Re: [RFC PATCH 07/86] Revert "livepatch,sched: Add livepatch task switching to cond_resched()"

From: Ankur Arora
Date: Thu Nov 09 2023 - 17:52:15 EST



Josh Poimboeuf <jpoimboe@xxxxxxxxxx> writes:

> On Thu, Nov 09, 2023 at 12:31:47PM -0500, Steven Rostedt wrote:
>> On Thu, 9 Nov 2023 09:26:37 -0800
>> Josh Poimboeuf <jpoimboe@xxxxxxxxxx> wrote:
>>
>> > On Tue, Nov 07, 2023 at 06:16:09PM -0500, Steven Rostedt wrote:
>> > > On Tue, 7 Nov 2023 13:56:53 -0800
>> > > Ankur Arora <ankur.a.arora@xxxxxxxxxx> wrote:
>> > >
>> > > > This reverts commit e3ff7c609f39671d1aaff4fb4a8594e14f3e03f8.
>> > > >
>> > > > Note that removing this commit reintroduces "live patches failing to
>> > > > complete within a reasonable amount of time due to CPU-bound kthreads."
>> > > >
>> > > > Unfortunately this fix depends quite critically on PREEMPT_DYNAMIC and
>> > > > existence of cond_resched() so this will need an alternate fix.
>> >
>> > We definitely don't want to introduce a regression, something will need
>> > to be figured out before removing cond_resched().
>> >
>> > We could hook into preempt_schedule_irq(), but that wouldn't work for
>> > non-ORC.
>> >
>> > Another option would be to hook into schedule(). Then livepatch could
>> > set TIF_NEED_RESCHED on remaining unpatched tasks. But again if they go
>> > through the preemption path then we have the same problem for non-ORC.
>> >
>> > Worst case we'll need to sprinkle cond_livepatch() everywhere :-/
>> >
>>
>> I guess I'm not fully understanding what the cond rescheds are for. But
>> would an IPI to all CPUs setting NEED_RESCHED, fix it?

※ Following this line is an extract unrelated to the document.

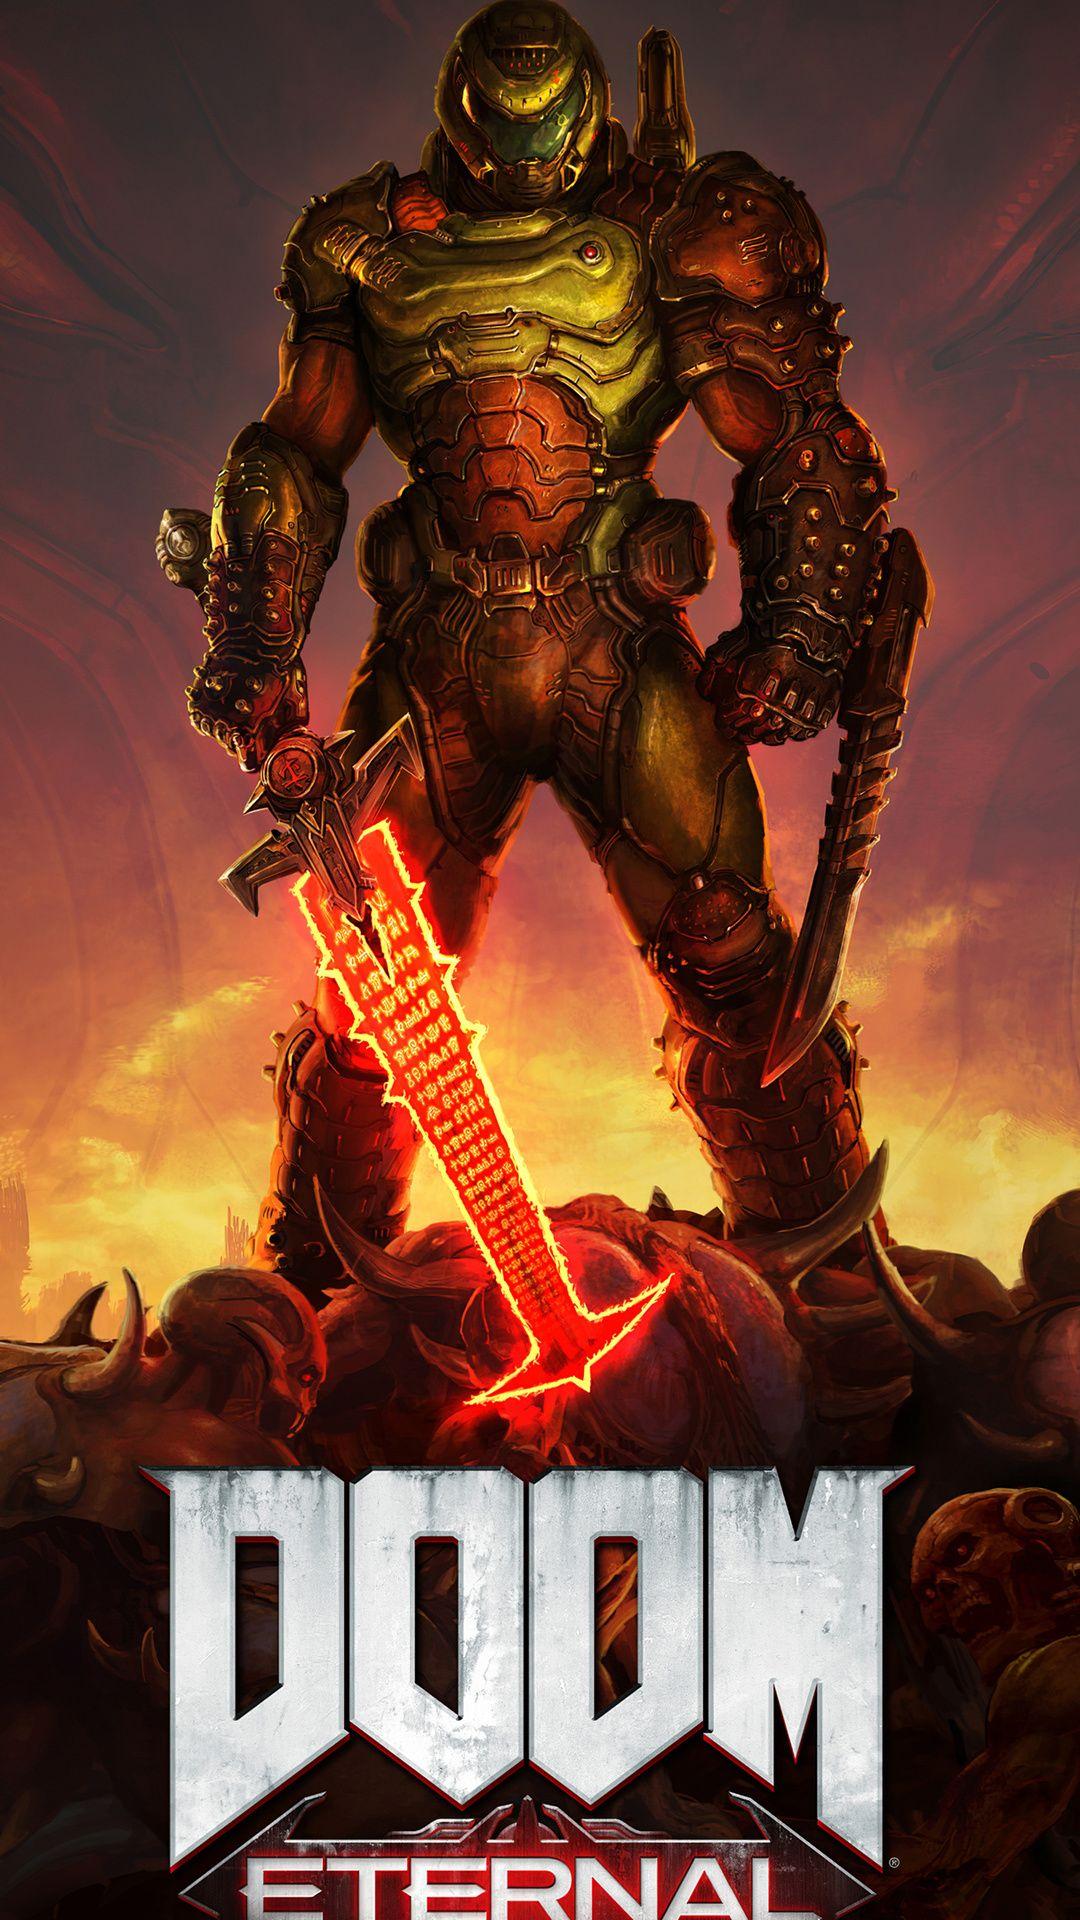 Doom Eternal 4k 2020 Mobile Wallpaper Iphone Android Samsung Pixel Xiaomi In 2020 Doom Videogame Doom Doom Game

Yeah. We could just temporarily toggle to full preemption, when
NEED_RESCHED_LAZY is always upgraded to NEED_RESCHED which will
then send IPIs.

> If all livepatch arches had the ORC unwinder, yes.
>
> The problem is that frame pointer (and similar) unwinders can't reliably
> unwind past an interrupt frame.

Ah, I wonder if we could just disable the preempt_schedule_irq() path
temporarily? Hooking into schedule() alongside something like this:

@@ -379,7 +379,7 @@ noinstr irqentry_state_t irqentry_enter(struct pt_regs *regs)

void irqentry_exit_cond_resched(void)
{
- if (!preempt_count()) {
+ if (klp_cond_resched_disable() && !preempt_count()) {

The problem would be tasks that don't go through any preemptible
sections.

--
ankur